Le Mahatma Gandhi ou l’éveil des humiliés

28 février 2008

Jacques Attali, professeur d’économie, vient de publier “Le Mahatma Gandhi ou l’éveil des humiliés”.
Ce n’est pas le Jacques Attali qui vient de remettre un rapport au Président de la République. Ce Jacques Attali-ci ne m’intéresse pas. Mais l’homme qui a écrit sur le Mahatma Gandhi, oui ! J’ai lu avec attention son livre. De tous les livres que j’ai lus sur le Mahatma Gandhi, je crois que c’est le meilleur.
Dès sa naissance, au Gujarat, dans le Nord de l’Inde, en 1869, le Mahatma Gandhi est sensibilisé à l’ahimsa, c’est-à-dire au respect paisible de toute vie.
Le Mahatma Gandhi fait ses études en Angleterre. Il vit en anglais, c’est-à-dire l’alimentation, les loisirs, etc... Il devient avocat. Il commence à mettre en application, en 1893, lors de son séjour en Afrique du Sud, la non-violence à l’action politique.
Pour défendre les droits de sa communauté, le Mahatma Gandhi développe le “satyagraha”*, c’est une attitude non violente qui se veut à la fois active et positive. De plus, elle demande plus de courage que l’action violente, car elle implique les châtiments jusqu’à “mourir en souriant”. Et puis, elle a une finalité précise : faire triompher la vérité (“satya”).

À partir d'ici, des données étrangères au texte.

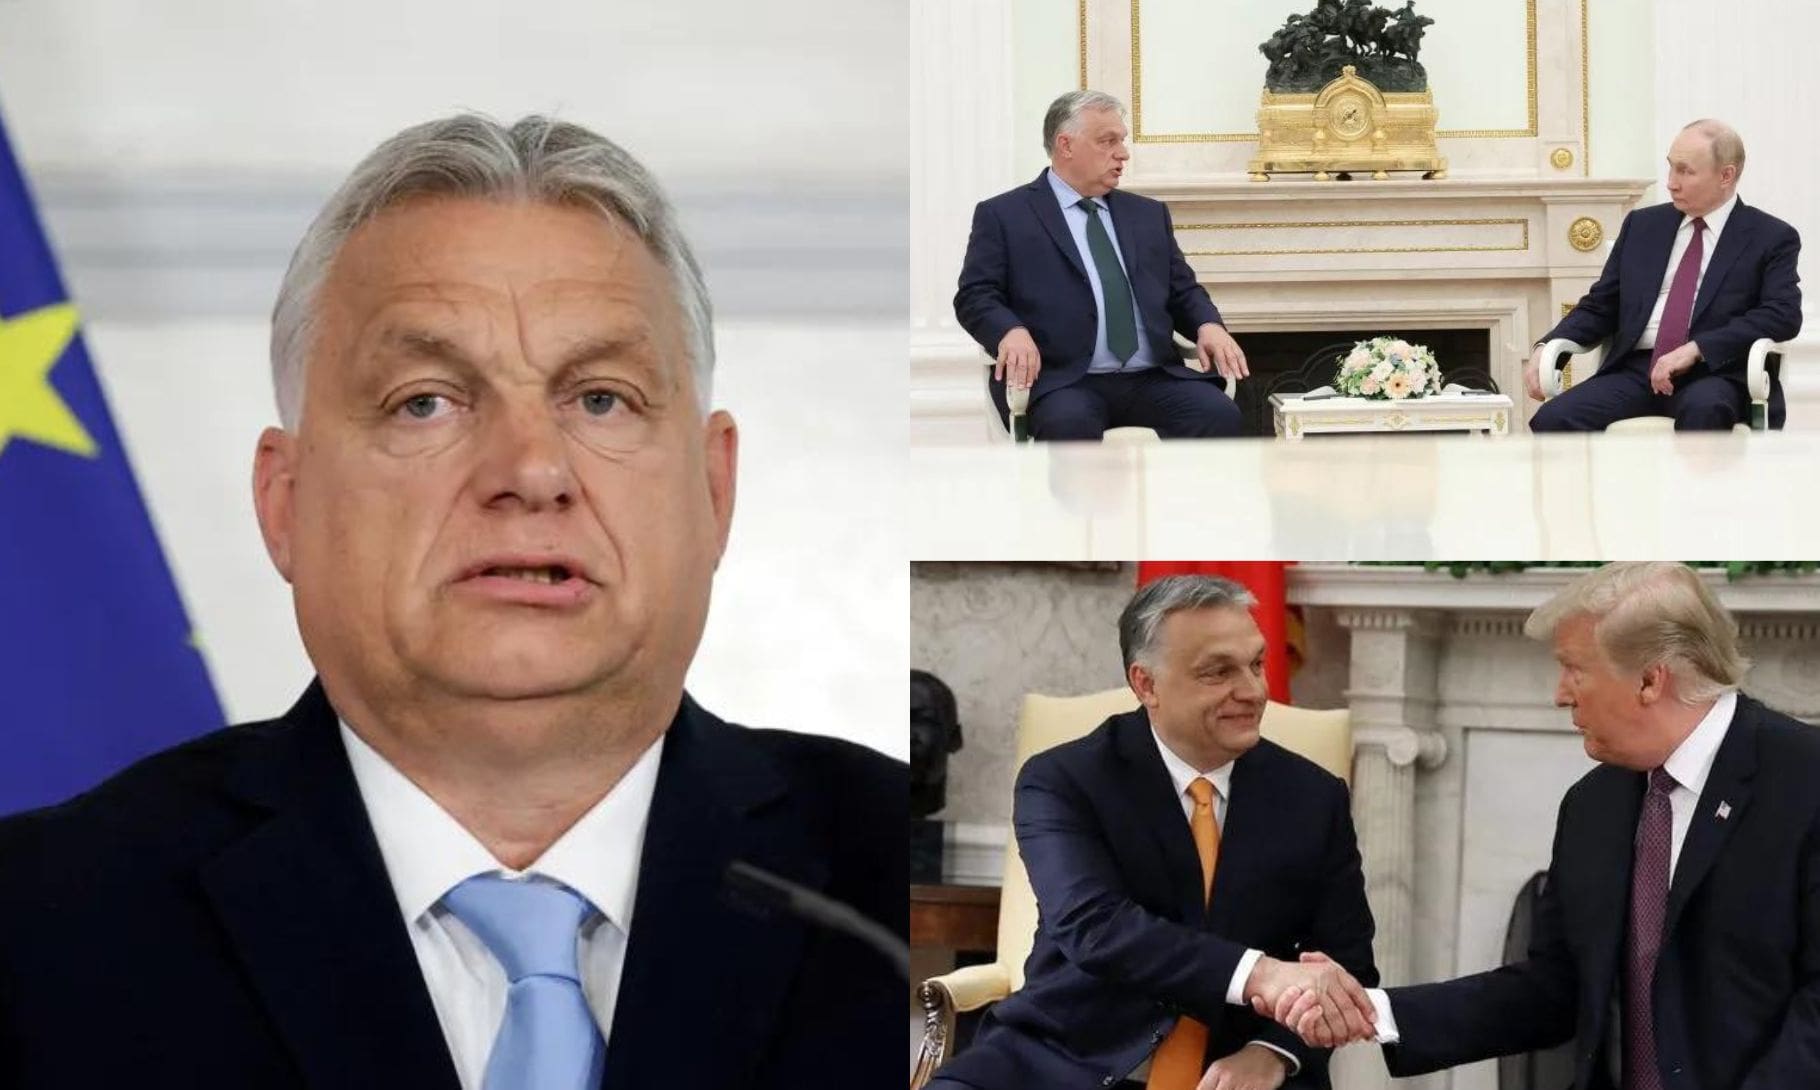 Viktor Orbán Supports Donald Trump, Criticizes US Policies On Ukraine

En 1906, lorsque le gouvernement décide d’enregistrer la population indienne pour mieux la contrôler, Gandhi demande à ses compatriotes de ne se plier aux exigences de la nouvelle loi.
Après sept ans de lutte, les autorités sont contraintes de négocier sous la pression de l’opinion publique. De retour dans sa patrie, en 1915, Gandhi applique cette méthode de non-coopération à l’Inde. Il vise non pas une seule indépendance politique, mais une société autosuffisante et pacifique. Son objectif est le “swaraj”, le contrôle de soi : « Celui qui est capable de son propre contrôle observe les règles de moralité (...). Une nation jouit de swaraj si elle possède un grand nombre de tels citoyens », écrit-il. Ses premières actions non violentes (“satyagraha”), en 1918, durant une famine, contraignent les Britanniques à alléger la fiscalité qui pèse sur les fermiers cultivant des produits d’exportation.
Devenu en 1921 l’un des dirigeants du parti du Congrès nationaliste, il lance une campagne de boycott des textiles anglais. Les Indiens sont appelés à porter des vêtements faits maison et les membres du parti ont obligation de filer chaque jour.
Cette dernière pratique présente l’avantage de canaliser la violence dans laquelle risque de basculer la politique de non-coopération. Ce sont d’ailleurs des affrontements très durs entre Indiens et forces de l’ordre qui, en 1922, poussent Gandhi à interrompre son action. En 1930, il reprend la main avec sa célèbre “Marche du sel”. Des milliers d’Indiens le suivent jusqu’à la mer pour ramasser le sel et échapper ainsi à la taxe imposée par le gouvernement.
En 1942, son appel « Quit India » exige du colonisateur l’obtention d’une indépendance totale de l’Inde. Après deux ans de résidence surveillée, il finit par obtenir gain de cause. Toutefois, les Britanniques, en accord avec les leaders communautaires, prévoient la partition du pays entre un état à majorité musulmane (le Pakistan) et un état à majorité hindoue. Le Mahatma Gandhi (Bapu) l’accepte pour éviter la guerre civile. Mais sa tristesse est telle qu’il semble appeler la mort de ses vœux.
Le 30 janvier 1948, elle prend le visage d’un extrémiste hindou, Gopal Godse, qui l’accuse d’avoir favorisé les musulmans au cours de ses tentatives de rapprochement des communautés. Deux millions d’Indiens seront présents à ses funérailles.
Le Mahatma Gandhi est considéré par l’Eglise catholique comme un saint homme.

Marc Kichenapanaïdou

NB : Patience et souffrance

* Etymologiquement, “satyagraha” signifie : se retenir à la Vérité - d’où Force de la Vérité. Je l’ai appelée également Force d’Âme ou Force d’Amour. En pratiquant le Satyagraha, je m’aperçus rapidement que la recherche de la Vérité n’admettait point qu’on eût recours à la violence contre son adversaire et qu’il fallait arriver à le tirer de l’erreur par la patience et la sympathie : car ce qui paraît Vérité à l’un peut sembler erreur à l’autre. Et la patience implique la souffrance personnelle. La doctrine en vint donc à représenter qu’on défend la Vérité non pas en faisant souffrir son adversaire, mais en souffrant soi-même.